### Listed records
....

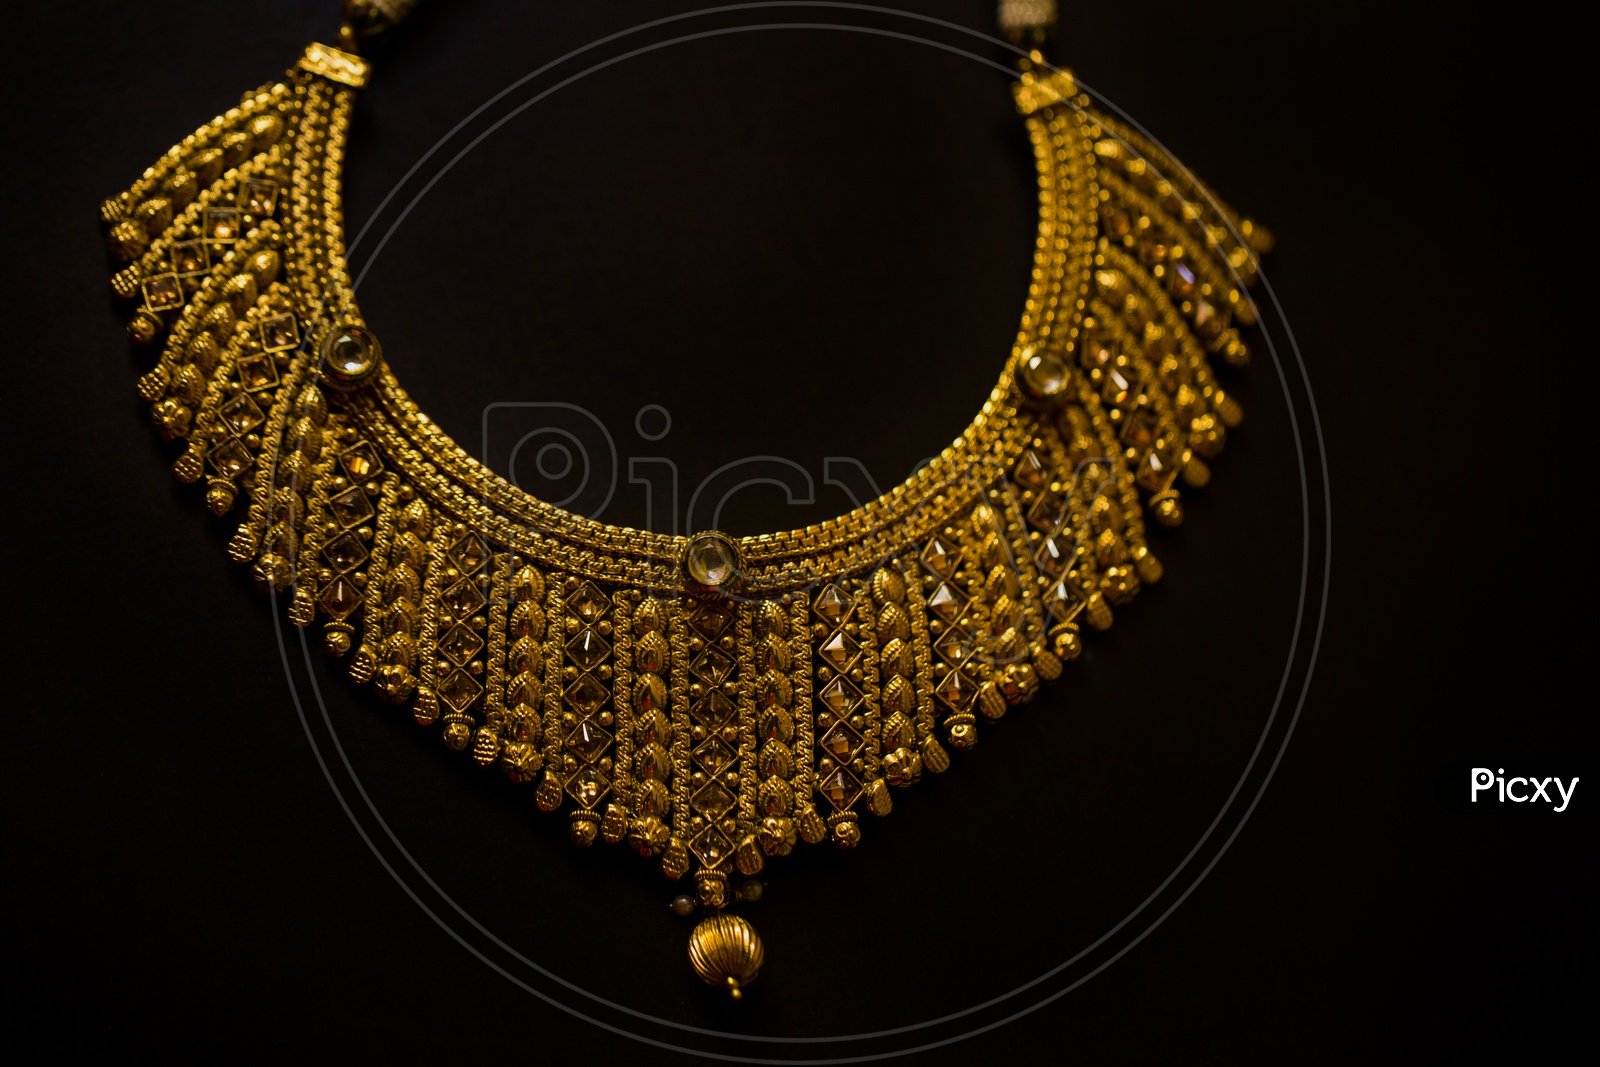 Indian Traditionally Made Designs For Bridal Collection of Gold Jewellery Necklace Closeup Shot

....

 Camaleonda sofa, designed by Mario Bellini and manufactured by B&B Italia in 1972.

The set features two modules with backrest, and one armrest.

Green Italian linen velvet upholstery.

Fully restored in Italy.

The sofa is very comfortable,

....

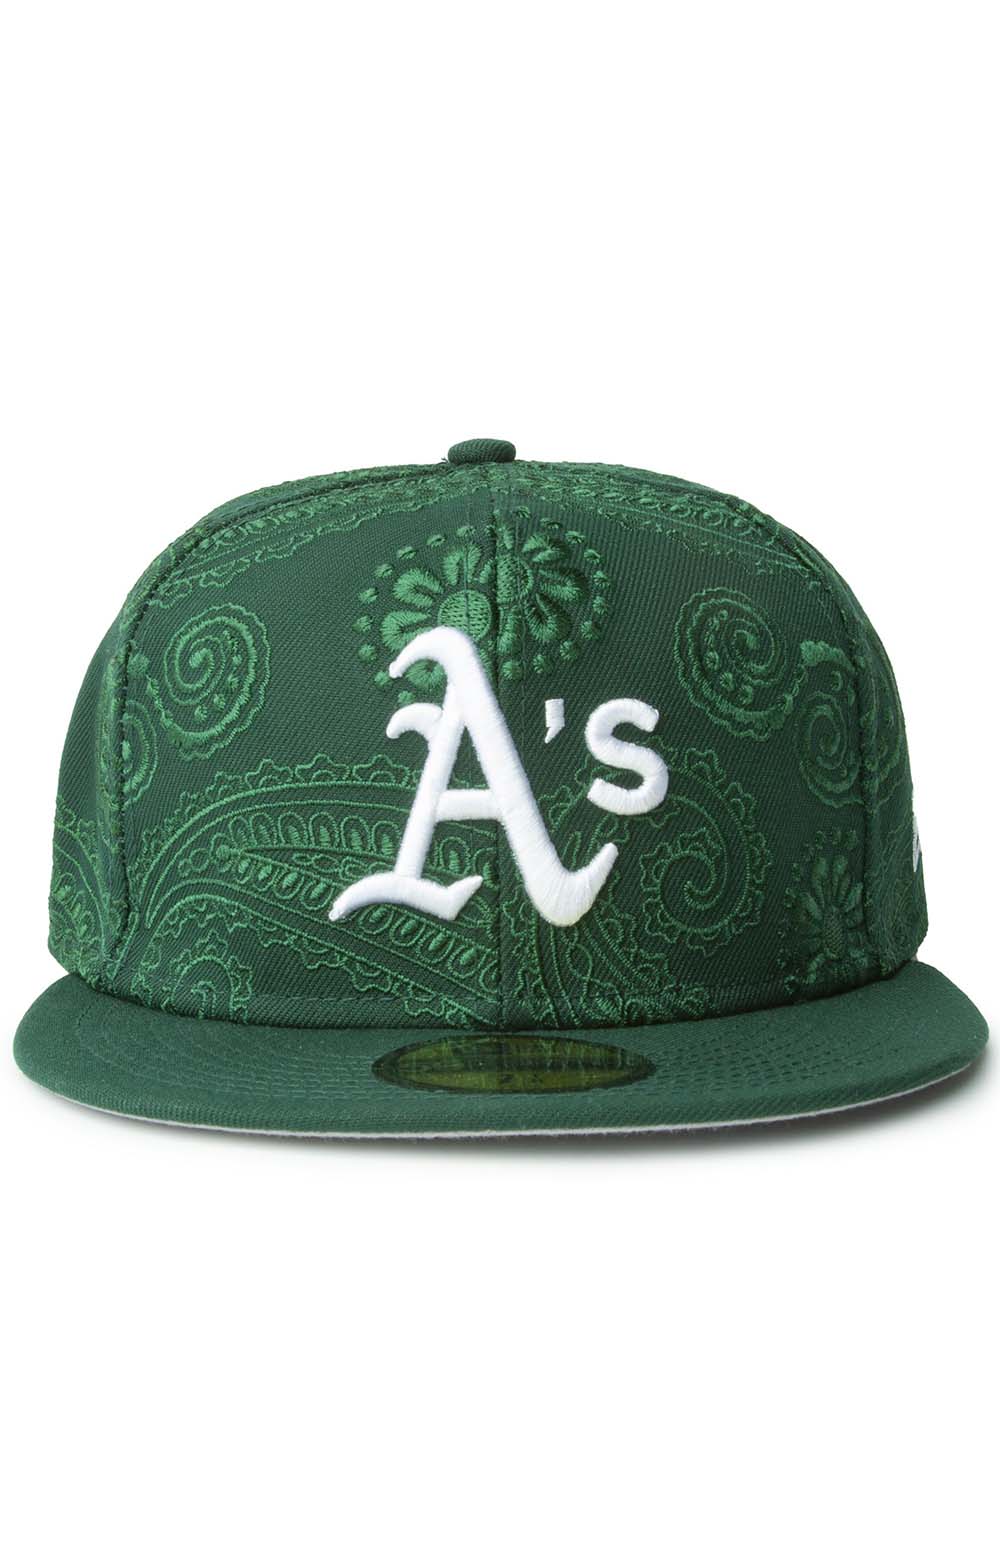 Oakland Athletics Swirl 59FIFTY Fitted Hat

....

### What you should do
In the listing above, find the line with "Green Italian linen velvet upholstery." and the line with "The sofa is". Output those two lines and every line between them, exactly as written.

### Task answer
Green Italian linen velvet upholstery.

Fully restored in Italy.

The sofa is very comfortable,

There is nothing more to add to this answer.